Prompt 1 (The Raven):
Okay, these are actually a lot better than I expected. Stained glass, uh, mostly. Library, absolutely. Woman, raven, key: check (a few don’t contain keys). In a couple the raven is even on the woman’s shoulder. But no keys in ravens mouths. And what the hell is going on in image two?
Prompt 2 (The Cat in the Hat):
Now this is odd. Flux manages to very consistently put a hat on the cat (it failed only once). And some of the men are bare-headed too, as a little bonus. A few of the images are only questionably of factories, but that’s a pretty minor issue.
No, the problem is that these are not oil-paintings! I’ve cut models a lot of slack here, but this is too far. These are basically all photo-realistic. Odd for it to fail on style- that should be the easy bit.
Prompt 3 (The Benighted Bell):
I’m again surprised how good these are. And here, we have consistently managed to get the style right. But no bells on tails, sorry.
Prompt 4 (The Voluptuous Vulpine):
I’m less impressed here, although honestly this isn’t much worse in general prettiness than any of the other models. But none of them manage to fulfill the prompt. The two of the left don’t even feature lipstick; there are a few of a fox wearing lipstick, but it isn’t being held by anyone, and the third one isn’t even in space.
Prompt 5 (We can take it as Red):
Finally, a pass! Not every image passed- the one on the right I would say doesn’t qualify as “in a cathedral”. And if you’re going to be fussy about colour the second one isn’t great either.

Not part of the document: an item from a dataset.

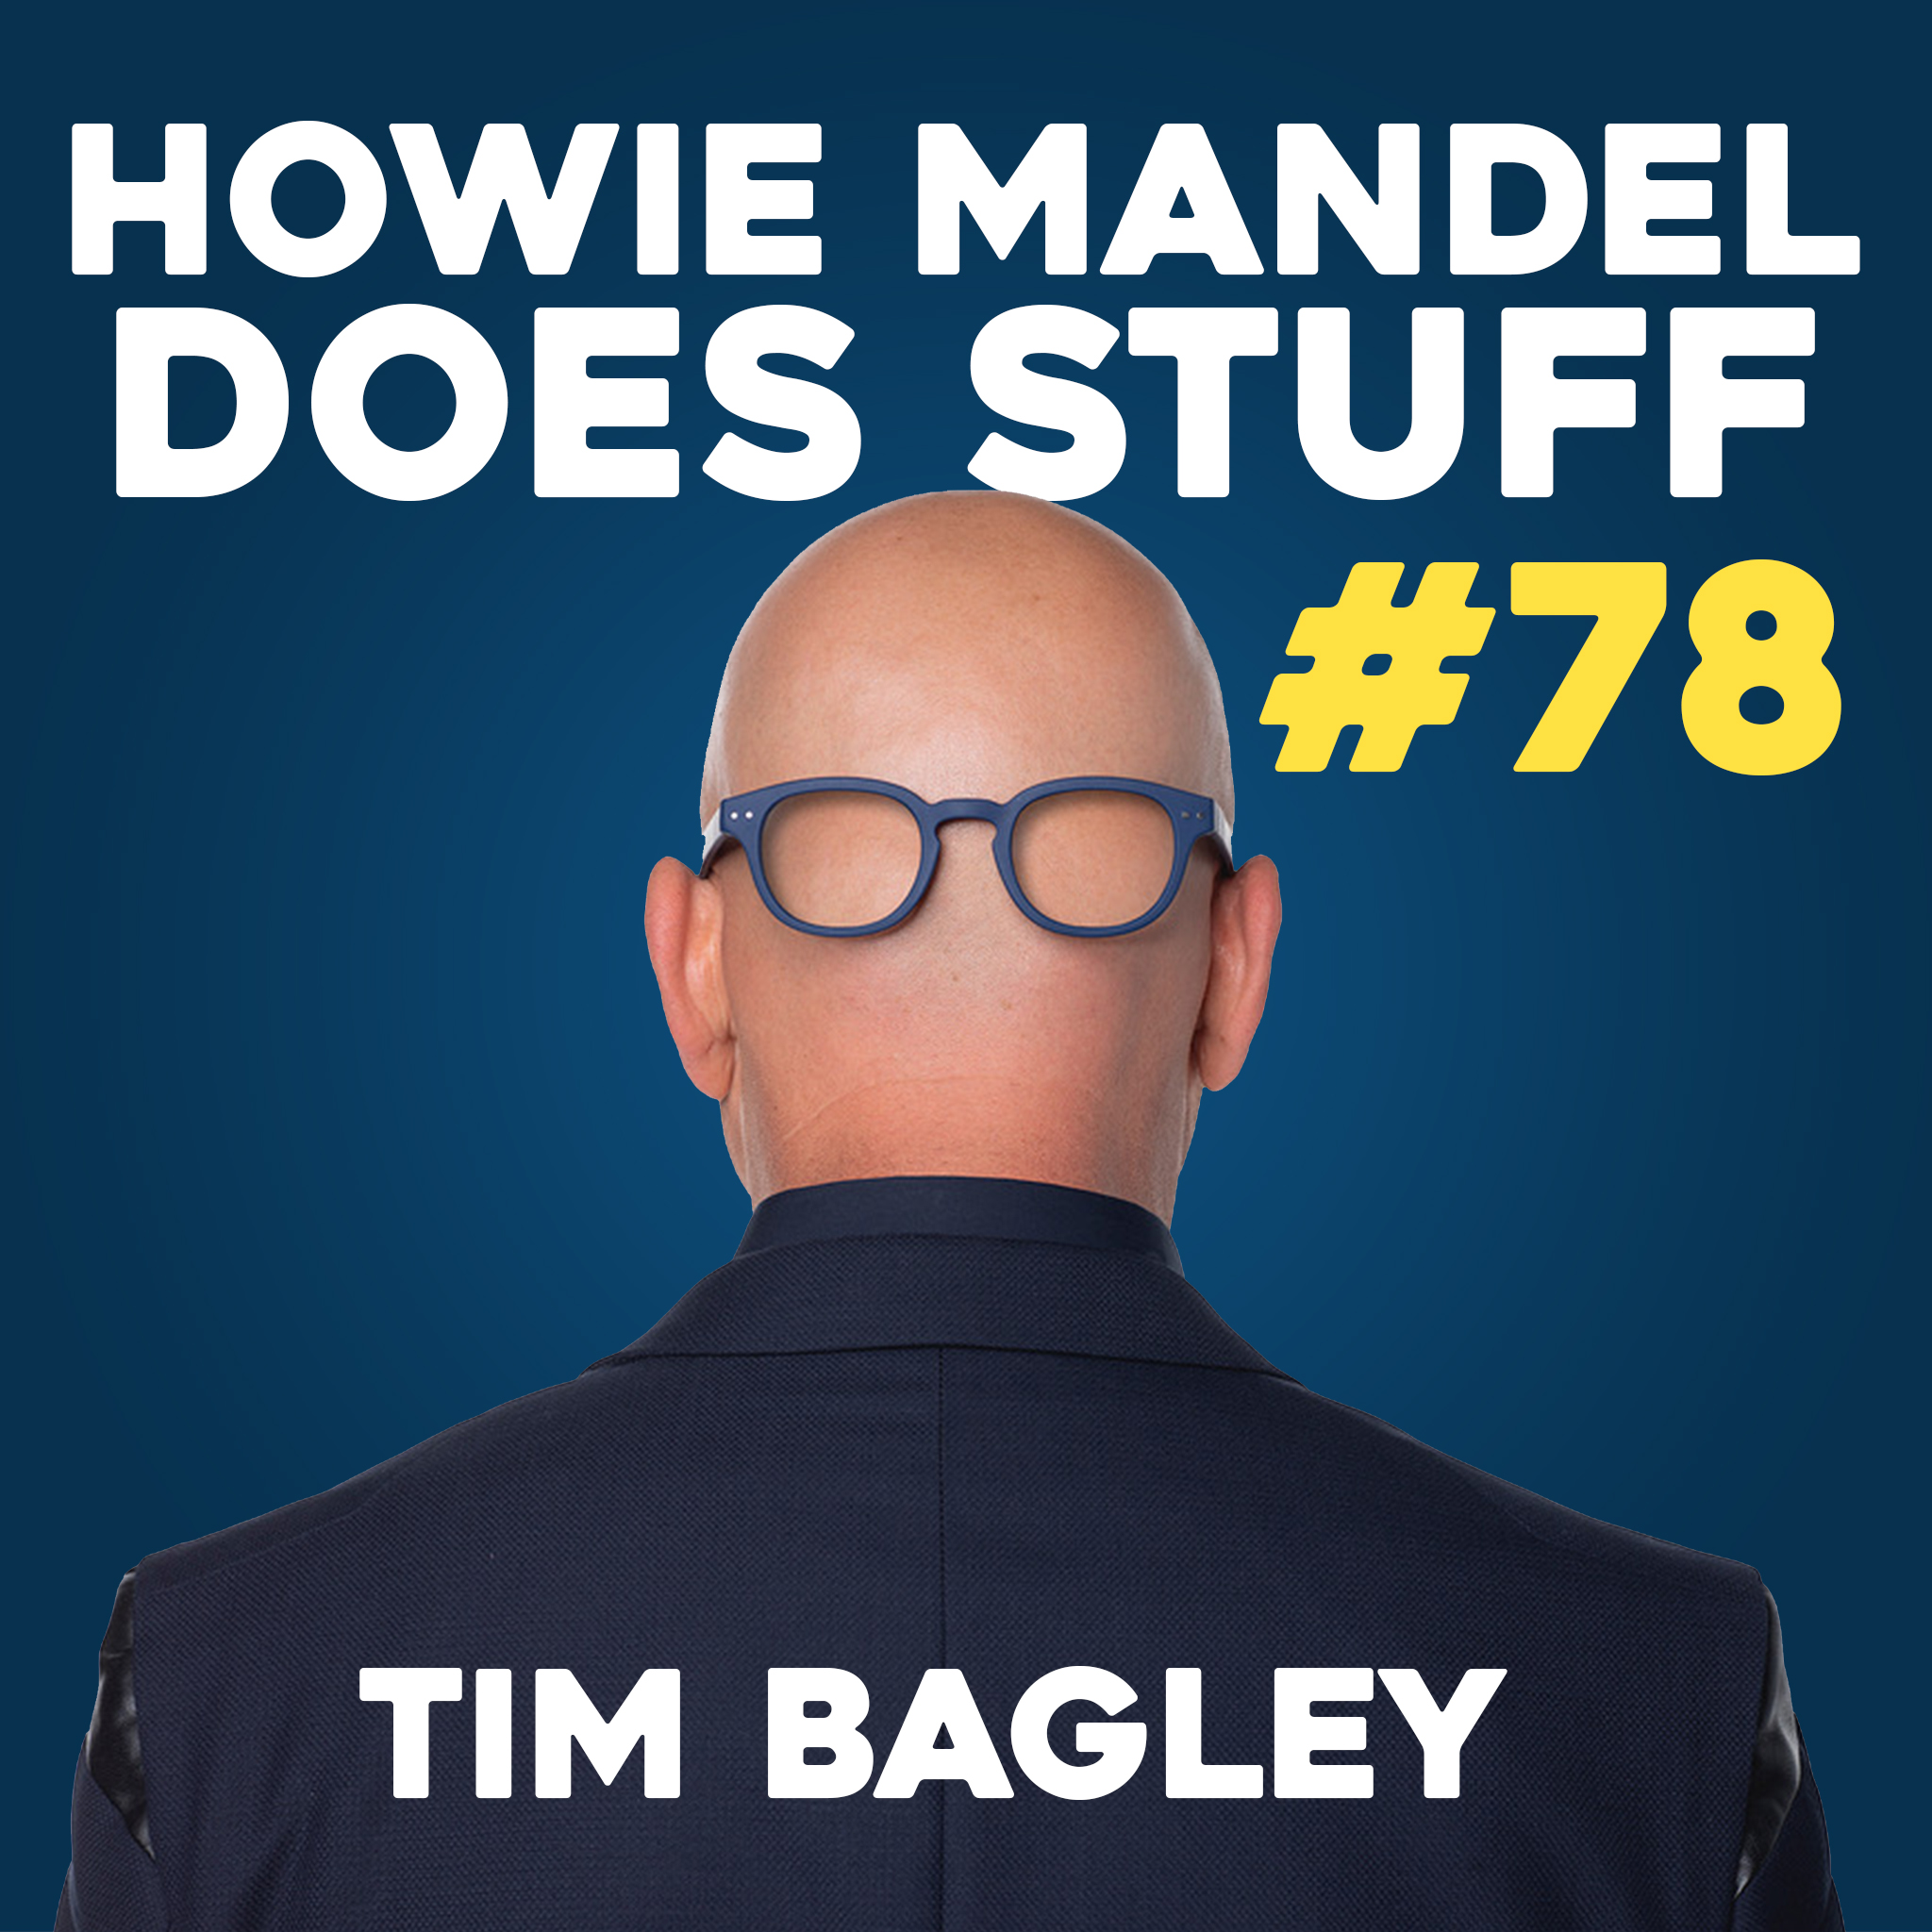 Tim Bagley Reveals the Biggest Secrets of the Playboy Mansion from his Butler Days | Howie Mandel Does Stuff #78

Also it seems to be only oil-paintings that Flux struggles with. My guess is that an oil-painting is just a bit closer to photorealism than the other four styles, and it gets “pulled” into a similar style it was very familiar with.
Conclusions
So…
DALL-E 3 is very pretty, but manages only two of the prompts- the farmer and the cat; and those quite inconsistently.
GPT 4o blows all the competition out of the water on composition, but is generally less pretty.
ImageFX manages four out of five- it fails only on the raven. It has some weird coherence issues sometimes, which none of the others do.
Flux, despite a better showing than I expected, manages only the farmer.
I am genuinely puzzled why the raven (the original problem Scott wanted solved) turns out to be the hardest of the lot; while the other four (which were created with deliberate “gotchas”) are all much more do-able.